2022-01-27T07:42:33.686-0330 [TRACE] Meta.Backend: working directory was previously initialized for "azurerm" backend
2022-01-27T07:42:33.686-0330 [TRACE] Meta.Backend: using already-initialized, unchanged "azurerm" backend configuration

Then then precedes to download the state file from my Azure storage container.

It sounds like you see the issue consistently vs intermittently which what was guessing was happening above.

terraform state pull > /tmp/terraspace/remote_state/stacks/d1/state.json

IE: The file is only zero-byte at the very beginning until the terraform state pull command remotely fetches the info.

If it’s consistently a zero-byte file, unsure why then :thinking: Since Ruby is an interpreted language, you can add debugging puts in the library code itself: https://github.com/boltops-tools/terraspace/blob/master/lib/terraspace/terraform/remote_state/fetcher.rb#L66 Maybe double-check the backend.tf and add a debugging puts like this:

system "cd #{@child.cache_dir} && cat backend.tf" # <= ADD THIS LINE
command = "cd #{@child.cache_dir} && terraform state pull > #{state_path}"

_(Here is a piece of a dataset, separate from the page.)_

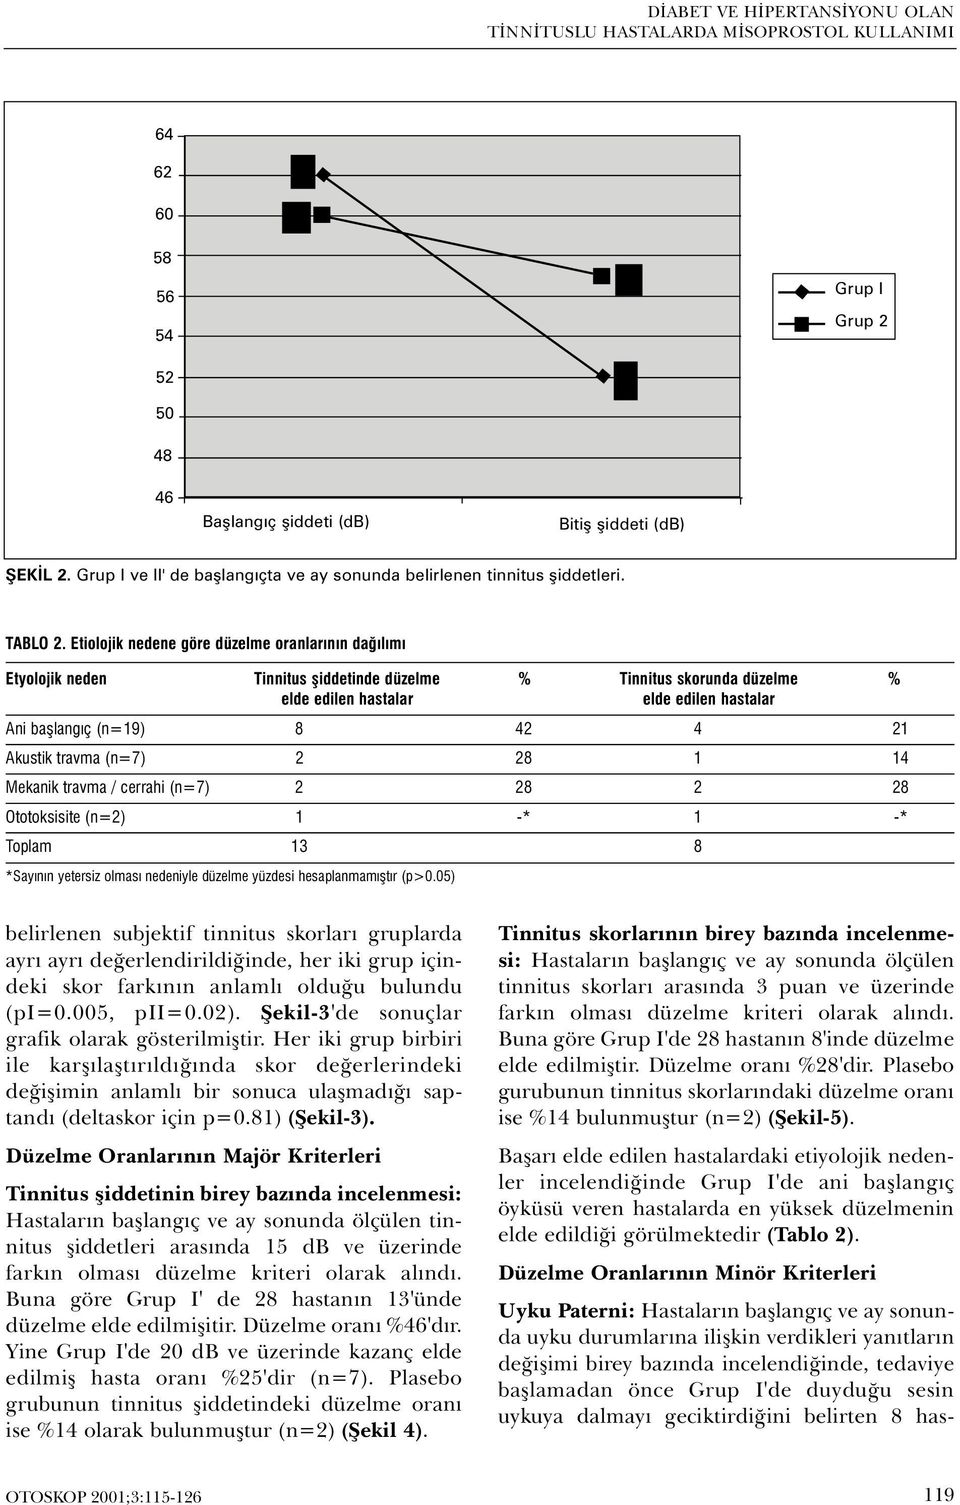 Etiolojik nedene göre düzelme oranlarýnýn daðýlýmý Etyolojik neden Tinnitus þiddetinde düzelme % Tinnitus skorunda düzelme % elde edilen hastalar elde edilen hastalar Ani baþlangýç (n=19) 8 42 4 21

To figure out where terraspace is installed:

bundle info terraspace --path

Also, enable log debug level in

config/app.rb

Terraspace.configure do |config|
  config.logger.level = :debug
end

Also, hoping to get a repo with a reproduction of the issue like in this post: Plan stack trace error after making change to existing infra That’ll give us a better fighting chance to figure out what’s going on.

Also, made some pretty big changes to how terraspace all building and processing works in terrspace 1.1. Wondering when you get a chance you can also give terraspace 1.1 a try. So:

Hi Tung… I tried version 1.1.0 and my problem no longer exists. Thanks so much for whatever you did to fix it.

Awesome :confetti_ball::champagne: The main change is this PR https://github.com/boltops-tools/terraspace/pull/196 Details in there

I did run into a new issue with v1.1.0… I will create another thread to explain.